Personal information
- Born: Francis Patrick Hoy 19 October 1934 Enniskillen, Northern Ireland
- Died: 21 April 2005 (aged 70) Stranraer, Scotland

Professional wrestling career
- Ring name(s): Black Angus Campbell Rasputin Wild Angus
- Billed height: 6 ft 4 in (193 cm)
- Billed weight: 297 lb (135 kg)
- Billed from: Scotland
- Debut: 1954
- Retired: 1982

= Black Angus Campbell =

Scottish professional wrestler

Francis Patrick Hoy (19 October 1934 – 21 April 2005) was a Scottish professional wrestler, better known by the ring names Black Angus Campbell, Wild Angus, and Rasputin (whilst wearing a wrestling mask).

== Early life ==
Hoy was born in Enniskillen in Northern Ireland.
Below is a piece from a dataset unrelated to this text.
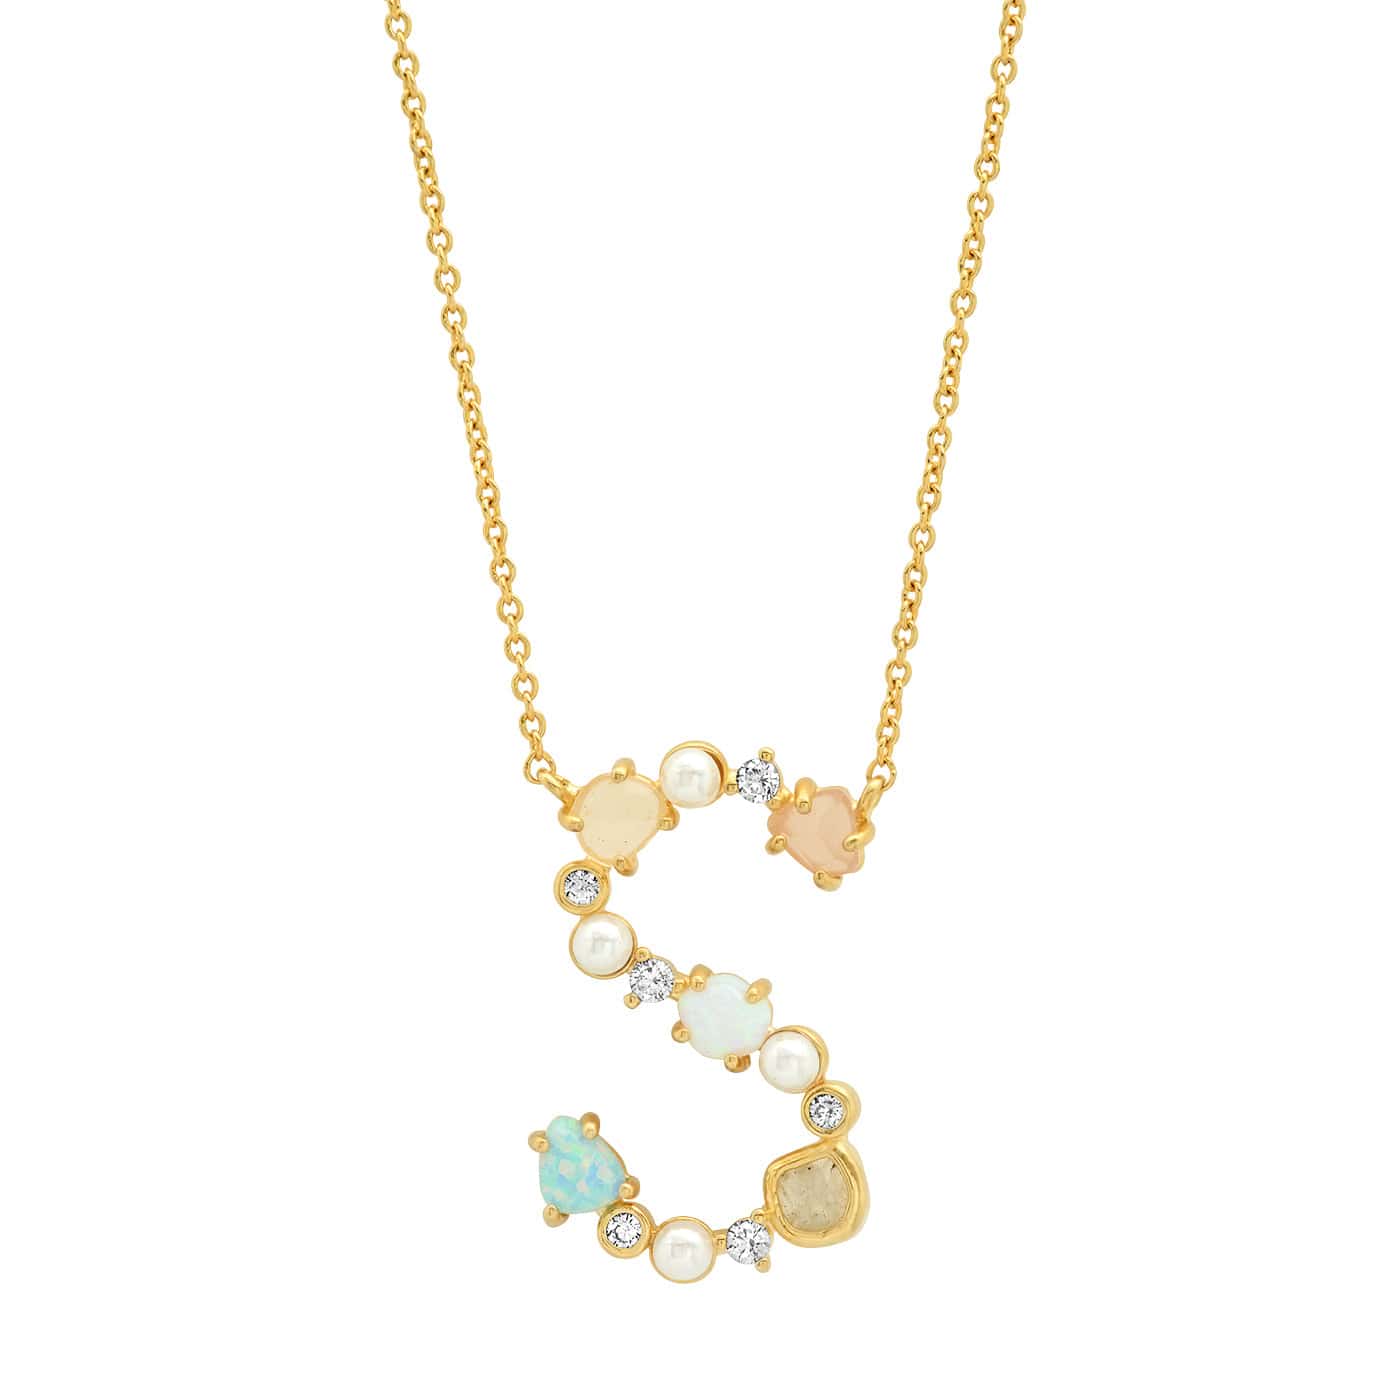 TAI JEWELRY Necklace S Opal Stone Monogram Necklace

== Professional wrestling career ==
Wearing a long black beard and a kilt, Hoy wrestled as a heel, mostly in Europe (where he featured regularly on World of Sport in the United Kingdom during the 1970s and 1980s), and managed one of his greatest achievements in 1978 when he captured the European Heavyweight Championship.

Hoy also wrestled in North America, initially with Stampede Wrestling and later in Central States Wrestling, where from around 1970 to 1974 he was a regular performer under the management of Percival A. Friend. Here his most notable feuds were against Buck Robley and Ox Baker. He also wrestled in Japan, including a notable 45-minute draw in 1978 at the Hakodate City Gym, Hokkaidō featuring Billy Robinson and himself against Dory Funk, Jr. and Terry Funk.

In later life Hoy ended his involvement with wrestling and, according to Harley Race, worked as a park ranger in Scotland. He died in his home town of Stranraer in 2005. His son, Steve McHoy aka Steve Casey, was also a professional wrestler.

==Championships and accomplishments==
- All Japan Pro Wrestling
  - World's Strongest Tag Determination League Technique Award (1978) - with Billy Robinson
- Central States Wrestling
  - NWA Central States Heavyweight Championship (1 time)
  - NWA Central States Television Championship (1 time)
  - NWA North American Tag Team Championship (Central States version) (1 time) - with Roger Kirby
  - NWA World Tag Team Championship (Central States version) (1 time) - with Ron Starr
- Joint Promotions/All Star Wrestling
  - European Heavyweight Championship (1 time)
- Pacific Northwest Wrestling
  - NWA Pacific Northwest Heavyweight Championship (1 time)
- Stampede Wrestling
  - Stampede North American Heavyweight Championship (2 times)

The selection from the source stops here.